_GIVEN ENTRIES_:
BEGIN

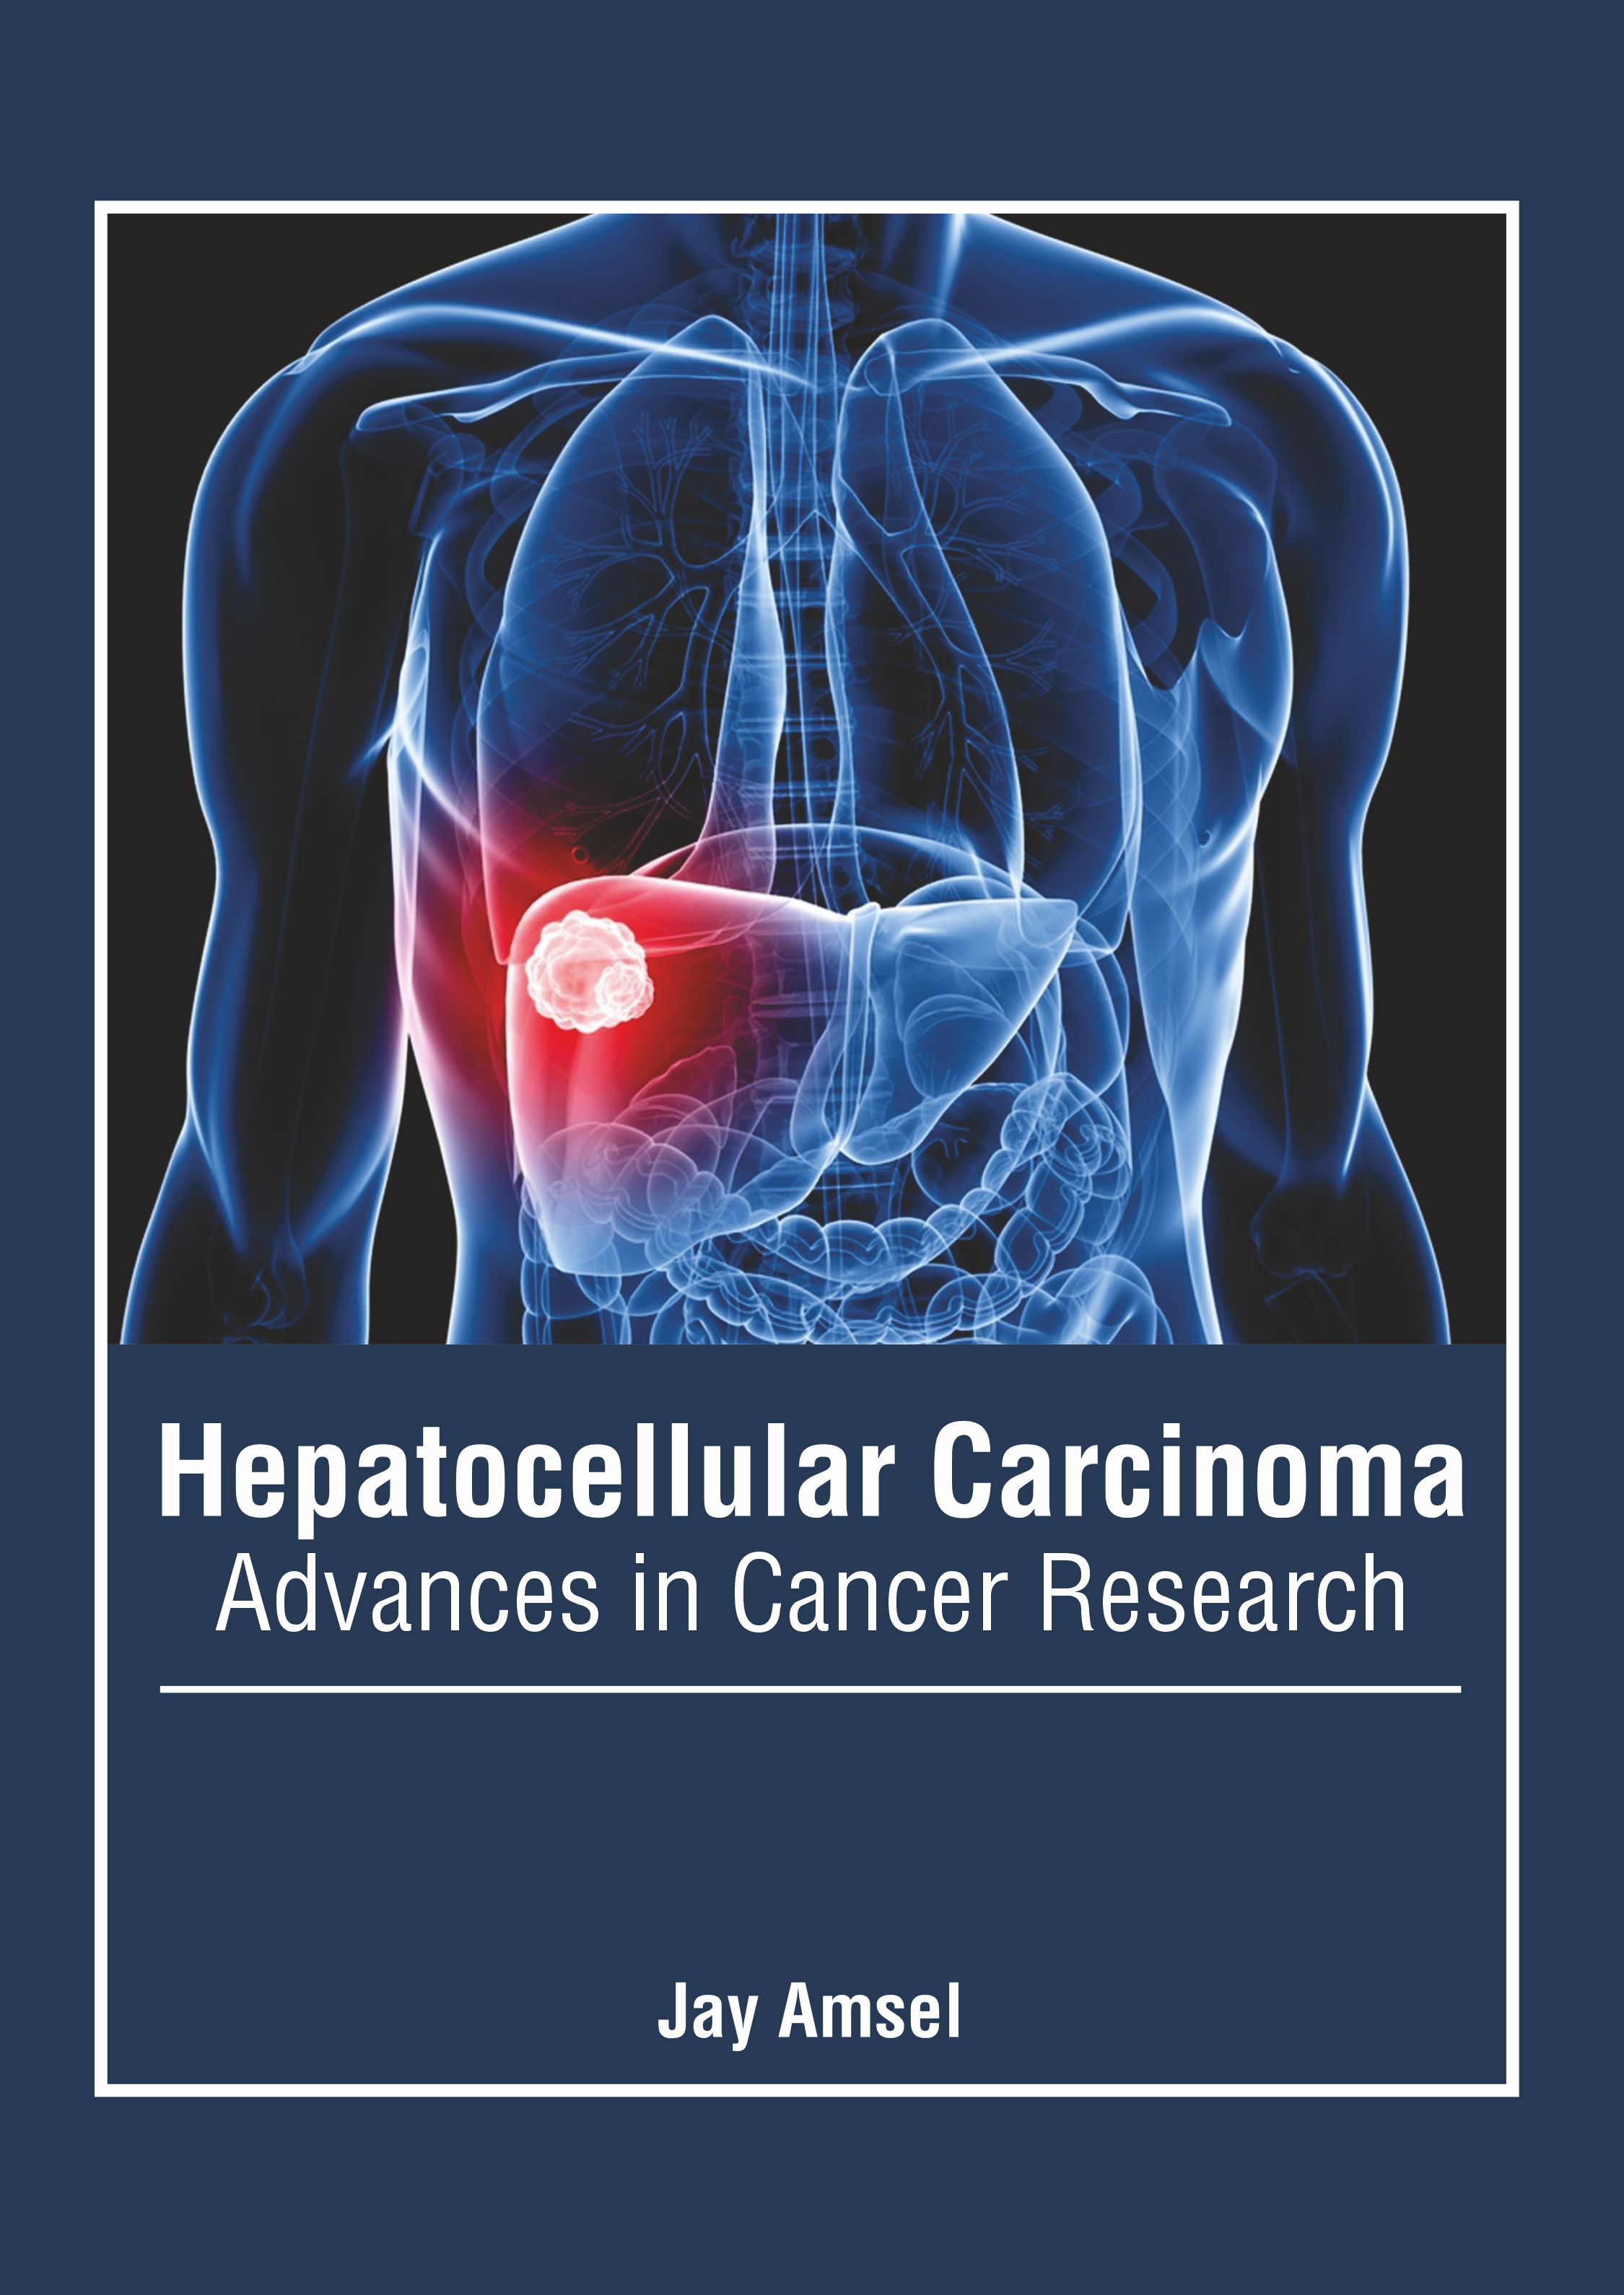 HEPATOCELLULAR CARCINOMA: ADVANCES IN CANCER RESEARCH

END
BEGIN

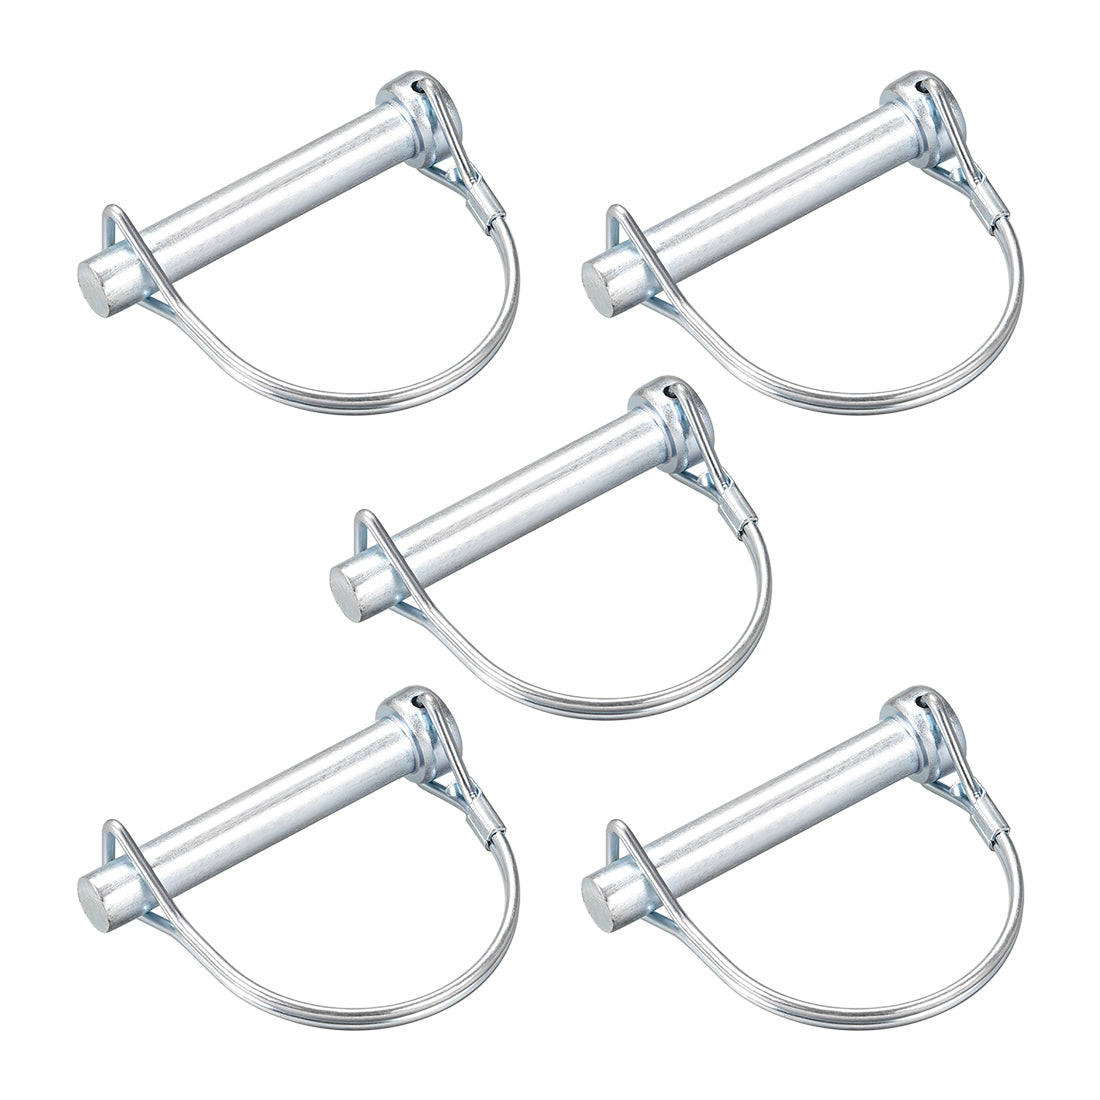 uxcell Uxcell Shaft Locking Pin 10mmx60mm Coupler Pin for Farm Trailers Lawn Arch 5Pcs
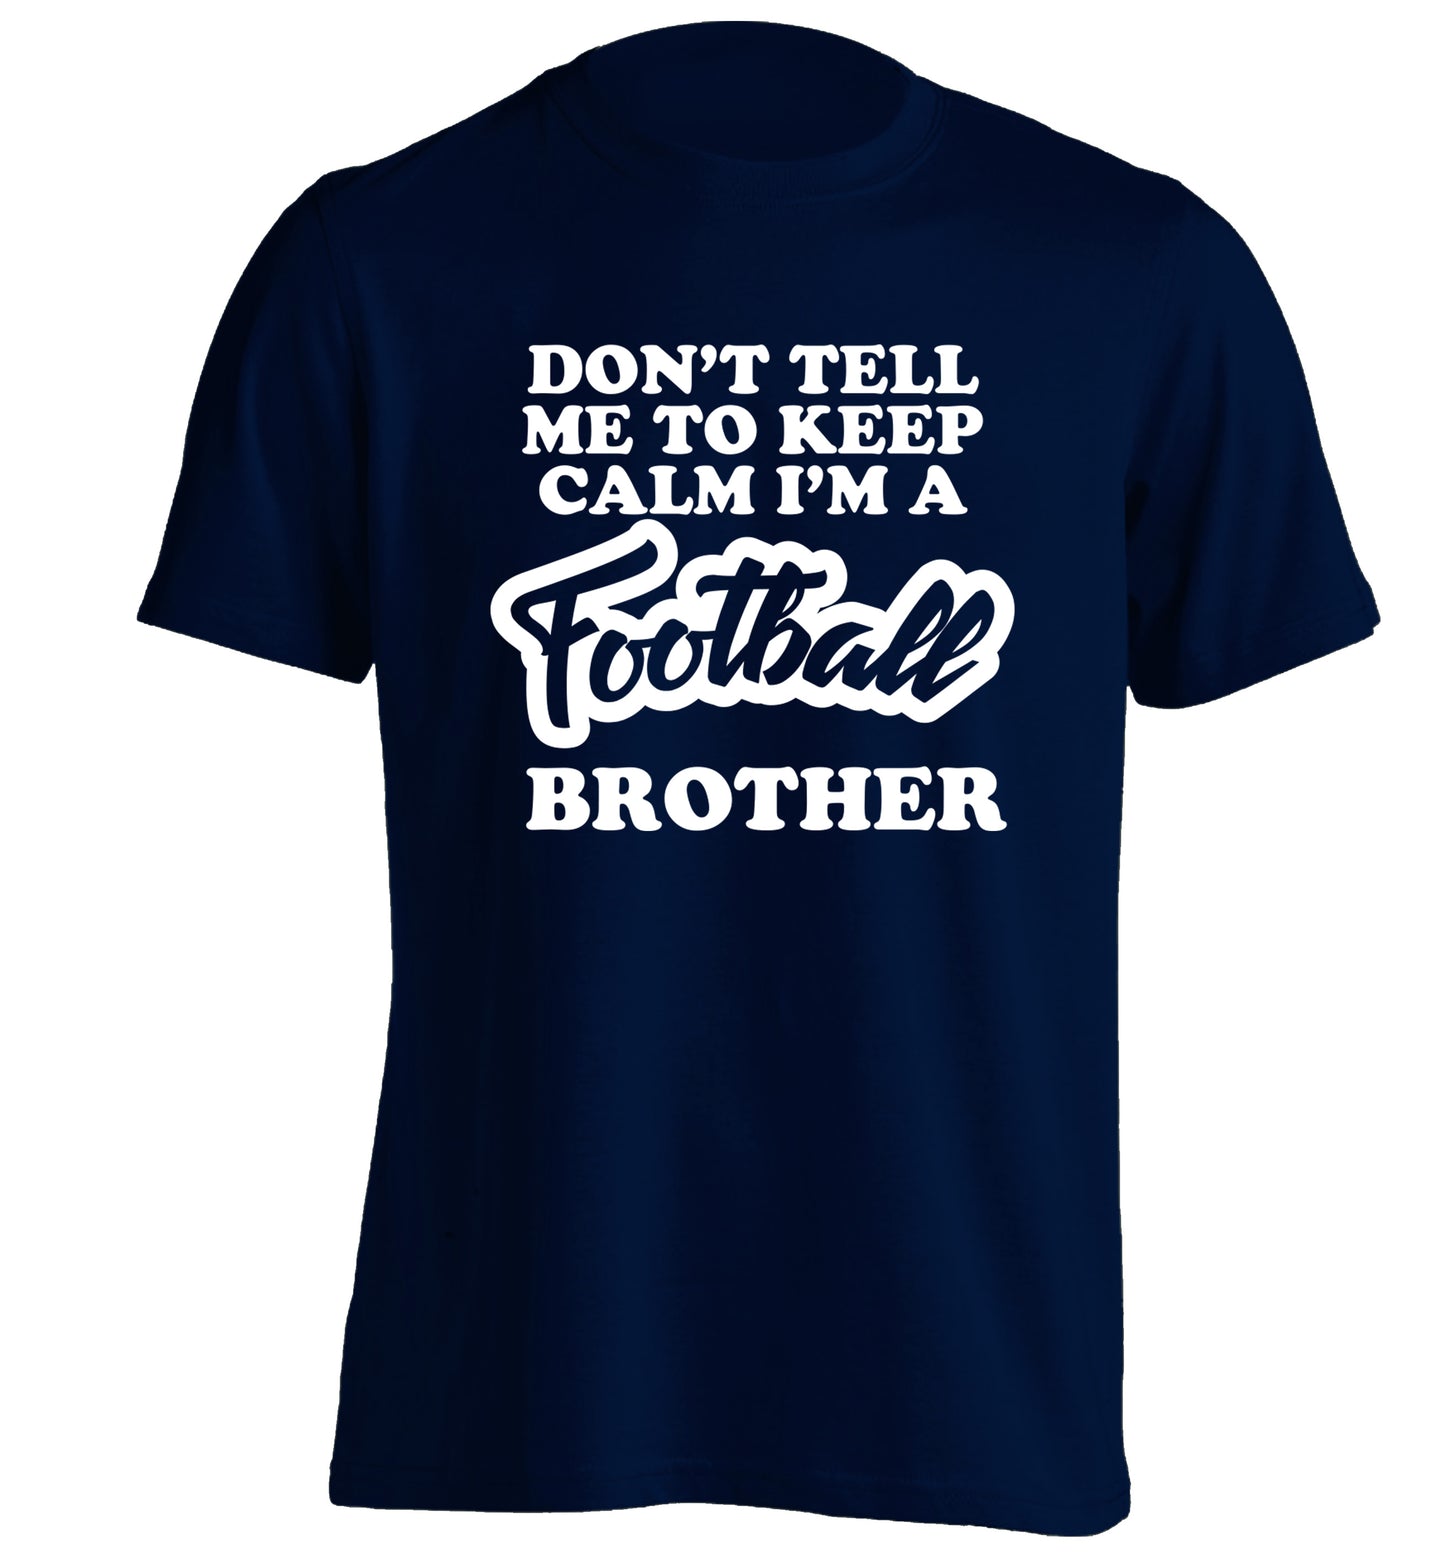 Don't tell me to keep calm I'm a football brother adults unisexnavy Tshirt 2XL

END

Within the listing above, find the line containing "uxcell Uxcell Shaft" and the line containing "Don't tell me". Transcribe them and everything between them exactly, leaving out the pictures.

_TASK RESPONSE_:
 uxcell Uxcell Shaft Locking Pin 10mmx60mm Coupler Pin for Farm Trailers Lawn Arch 5Pcs
 Don't tell me to keep calm I'm a football brother adults unisexnavy Tshirt 2XL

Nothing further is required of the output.